Records drawn from a dataset:
____

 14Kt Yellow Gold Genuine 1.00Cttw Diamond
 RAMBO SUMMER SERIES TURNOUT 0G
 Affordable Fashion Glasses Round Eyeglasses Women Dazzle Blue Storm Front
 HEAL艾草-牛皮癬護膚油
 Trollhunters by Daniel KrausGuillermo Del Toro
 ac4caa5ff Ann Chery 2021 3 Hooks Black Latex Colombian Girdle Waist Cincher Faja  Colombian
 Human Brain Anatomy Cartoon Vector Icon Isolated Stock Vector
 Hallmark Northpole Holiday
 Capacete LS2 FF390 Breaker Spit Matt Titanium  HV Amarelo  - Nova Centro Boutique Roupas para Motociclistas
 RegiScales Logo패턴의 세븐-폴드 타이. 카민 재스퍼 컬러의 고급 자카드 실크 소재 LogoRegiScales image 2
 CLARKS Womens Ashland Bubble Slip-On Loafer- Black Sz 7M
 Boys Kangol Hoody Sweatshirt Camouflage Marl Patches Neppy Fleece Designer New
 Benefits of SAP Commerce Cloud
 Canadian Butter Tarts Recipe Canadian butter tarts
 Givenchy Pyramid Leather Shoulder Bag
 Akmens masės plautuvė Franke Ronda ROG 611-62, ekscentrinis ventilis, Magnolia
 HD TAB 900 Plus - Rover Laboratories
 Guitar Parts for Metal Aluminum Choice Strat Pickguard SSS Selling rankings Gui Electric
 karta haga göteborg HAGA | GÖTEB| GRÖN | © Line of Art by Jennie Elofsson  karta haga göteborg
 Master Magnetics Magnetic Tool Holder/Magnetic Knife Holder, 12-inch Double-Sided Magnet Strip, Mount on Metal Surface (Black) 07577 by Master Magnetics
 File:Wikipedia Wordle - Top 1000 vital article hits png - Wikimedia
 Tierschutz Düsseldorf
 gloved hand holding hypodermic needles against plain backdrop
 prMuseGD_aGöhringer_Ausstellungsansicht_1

____

▸ WHAT IS EXPECTED: Return exactly the lines above from the line that has "Hallmark Northpole Holiday" through the line that has "Givenchy Pyramid Leather Shoulder Bag", inclusive, and nothing else.

▸ RESULT:
 Hallmark Northpole Holiday
 Capacete LS2 FF390 Breaker Spit Matt Titanium  HV Amarelo  - Nova Centro Boutique Roupas para Motociclistas
 RegiScales Logo패턴의 세븐-폴드 타이. 카민 재스퍼 컬러의 고급 자카드 실크 소재 LogoRegiScales image 2
 CLARKS Womens Ashland Bubble Slip-On Loafer- Black Sz 7M
 Boys Kangol Hoody Sweatshirt Camouflage Marl Patches Neppy Fleece Designer New
 Benefits of SAP Commerce Cloud
 Canadian Butter Tarts Recipe Canadian butter tarts
 Givenchy Pyramid Leather Shoulder Bag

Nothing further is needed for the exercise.